For this exercise, repeat the whole listing below exactly. Leave the pictures out.

## Supplied information
::::::::

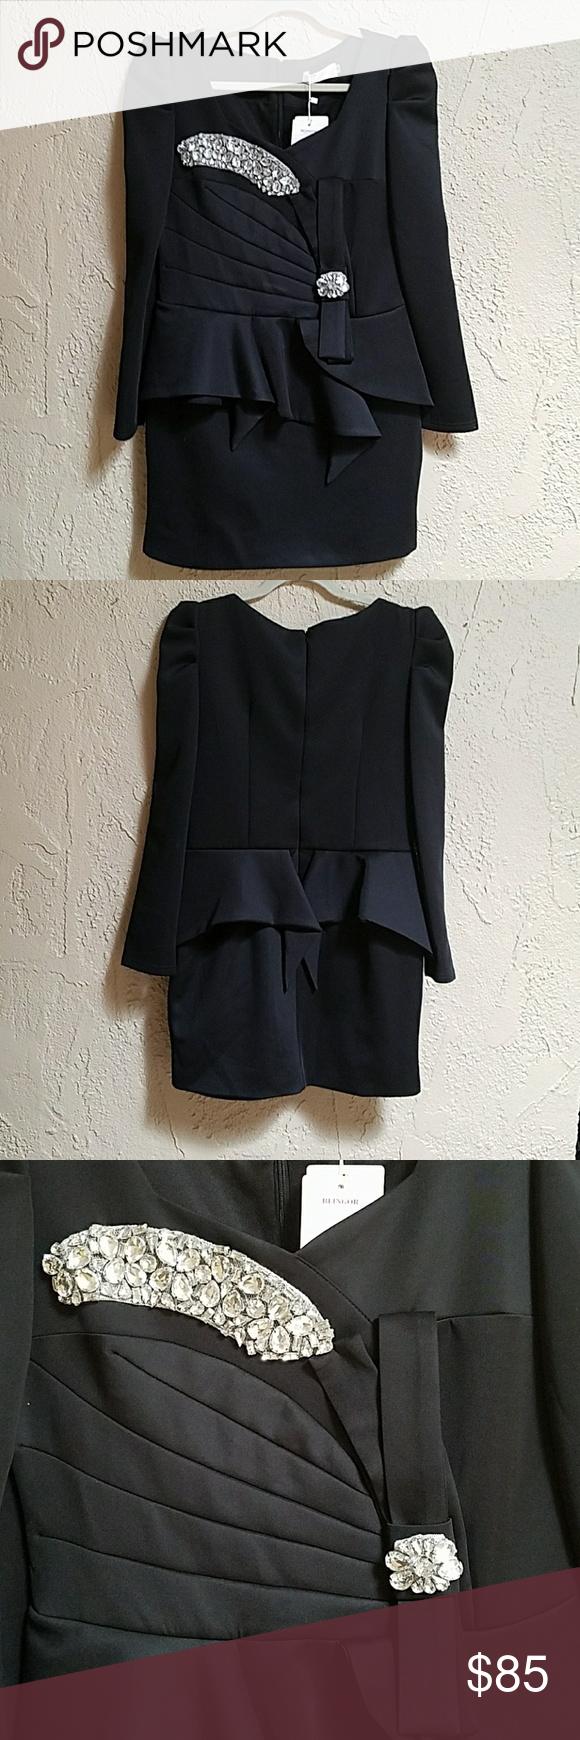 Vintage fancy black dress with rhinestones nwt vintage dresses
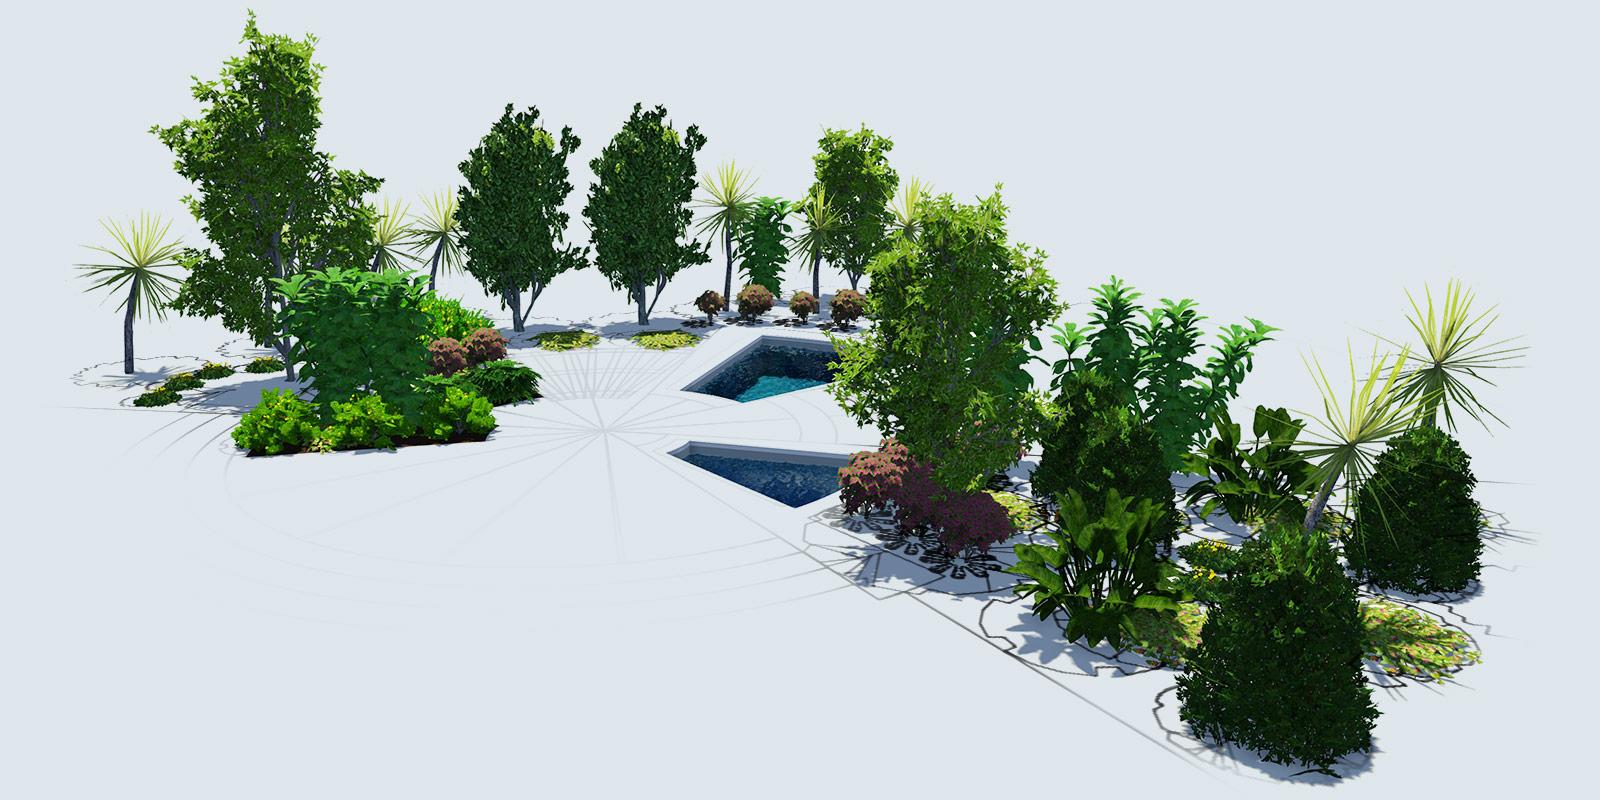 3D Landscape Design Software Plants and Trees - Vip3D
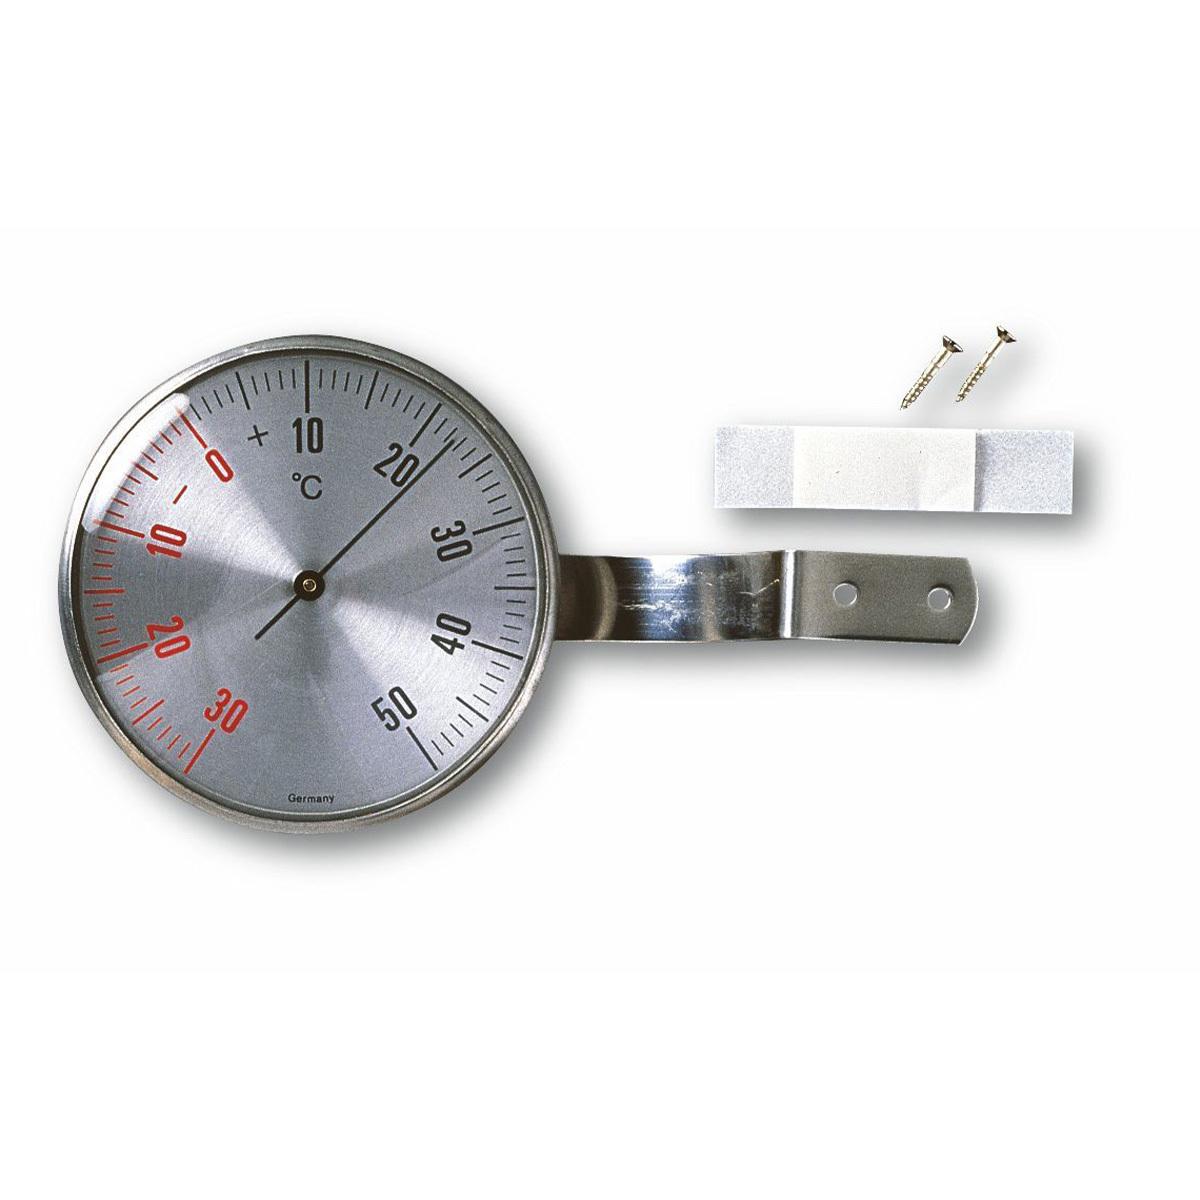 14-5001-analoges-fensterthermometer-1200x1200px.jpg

::::::::

## Output for this exercise
 Vintage fancy black dress with rhinestones nwt vintage dresses
 3D Landscape Design Software Plants and Trees - Vip3D
 14-5001-analoges-fensterthermometer-1200x1200px.jpg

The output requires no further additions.